Moving abroad and becoming an expat is a big and exciting change to make in your life. We’ve put together the following tips, to help you prepare for the adventure!
1. Think carefully about location
You may have your heart set on moving to a specific country, but so much can differ from region to region. From climate, to job opportunities, to friendliness of locals, be sure to do your research!
2. Look for expat groups already established in the area
Check for groups online, so that you can introduce yourself before you move and ask if anyone would be willing to show you around. When moving anywhere for the first time, it’s always a comfort to already know someone living nearby.
3. Learn the local language
If you have planned far enough in advance, consider enrolling in a class to learn the language spoken in the area you are moving to. If you are short on time then borrow a textbook from a library or download an app or audiobook to help you learn the basics before you set off. It will make a massive difference to your confidence when moving to a new place away from friends and family.
4. A new wardrobe may be necessary
Have you researched which season you’ll be touching down in when you arrive? You may be about to experience weather completely different to what we’re used to in the UK, so packing the right clothing is important. Stepping off the plane into the pouring rain would certainly put a dampener on the beginning of your new adventure…
5. Plan your transport options
If you plan on driving then check what sort of licence you need. At the moment, some EU countries allow you to continue using your British driving licence, but it’s best to make sure. The Highway Code you’re used to may differ drastically, so it’s important that you make yourself aware of different driving laws. Alternatively, check out options for cycle routes, bus routes and train lines.
6. Redirect your post
Whether you are selling up and relocating permanently or you’re moving to a second home abroad, there are a couple of reasons why you don’t want post going to the wrong place.

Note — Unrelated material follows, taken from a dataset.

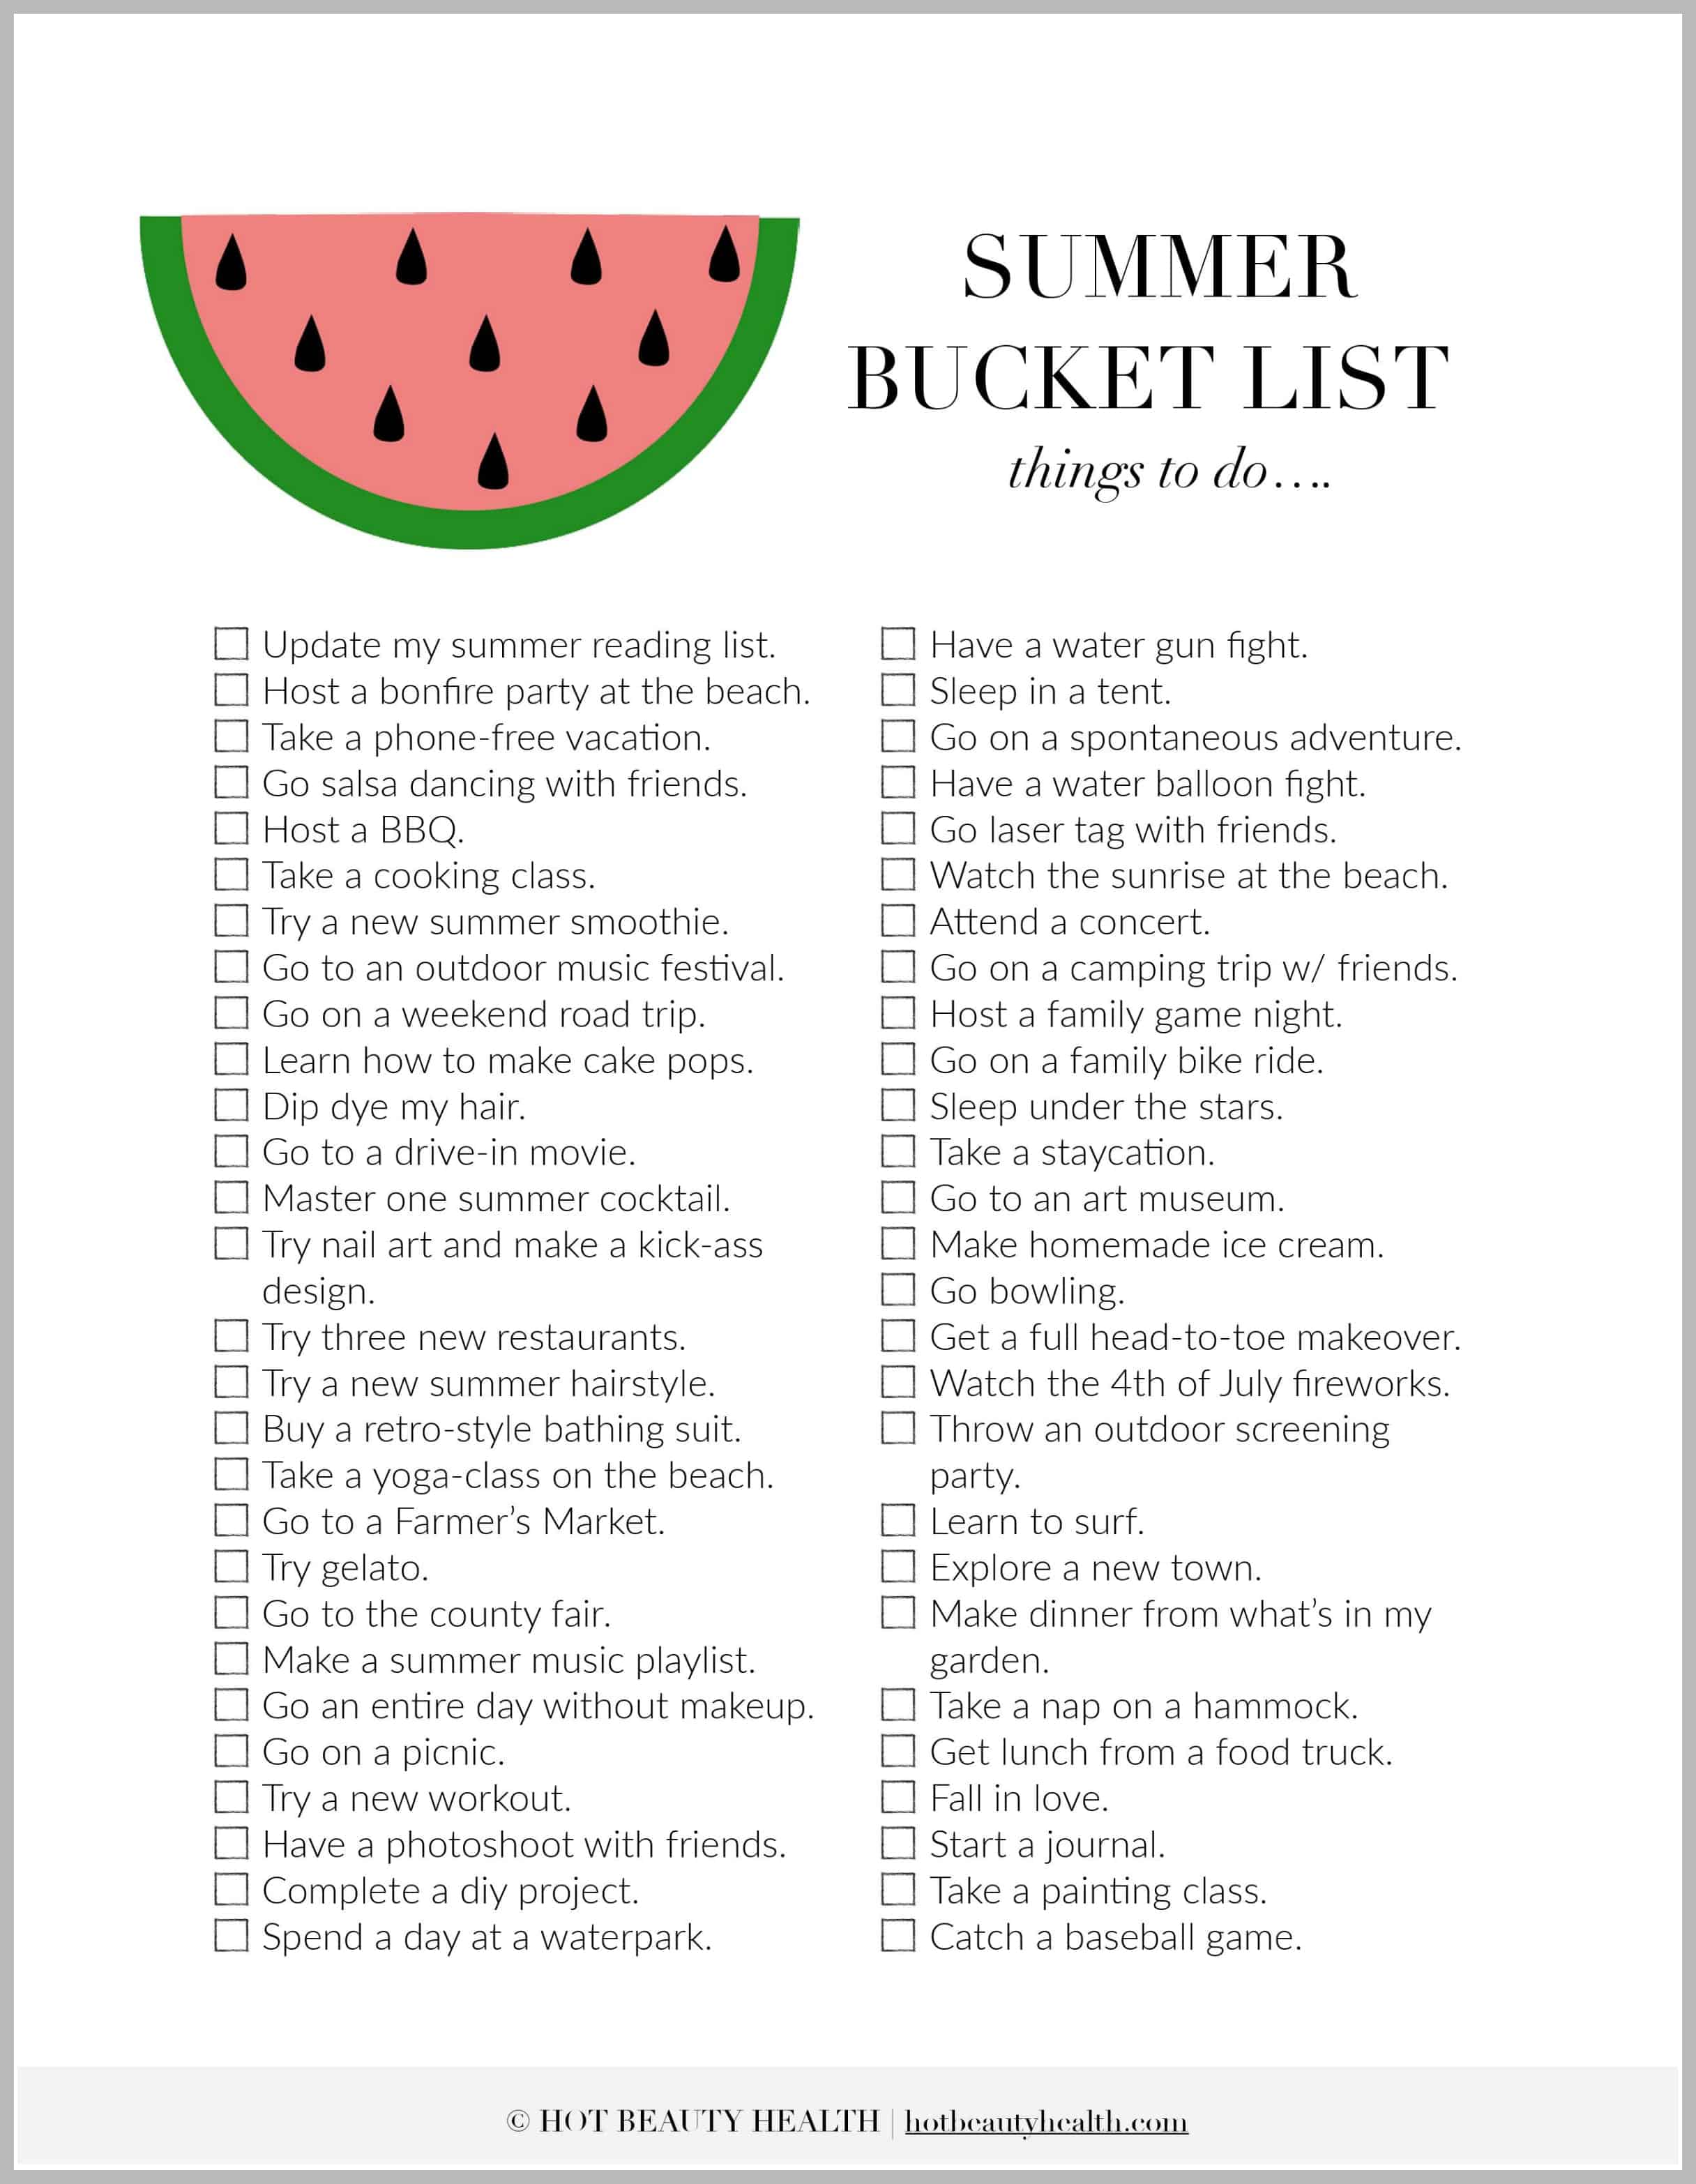 The Ultimate Summer Bucket List for teens, kids, and best friends with over 50 fun ideas and activities. Click over to download and print out this checklist!

If it’s anything important, such as a forgotten bill, you can save yourself a lot of hassle by arranging it to be sent to the address of a friend or relative. They can then get in touch and let you know. Also, if you are keeping your home in the UK, but leaving it unoccupied, a build-up of post is a tell-tale sign for thieves that no one has been home for a while.
7. Simplify your insurance needs
When looking at overseas home insurance options, consider looking for a company that provides its documents translated into English. This can vastly reduce the stress of such an important task. Legal documents can be difficult enough to wade through, without the added challenge of getting them translated.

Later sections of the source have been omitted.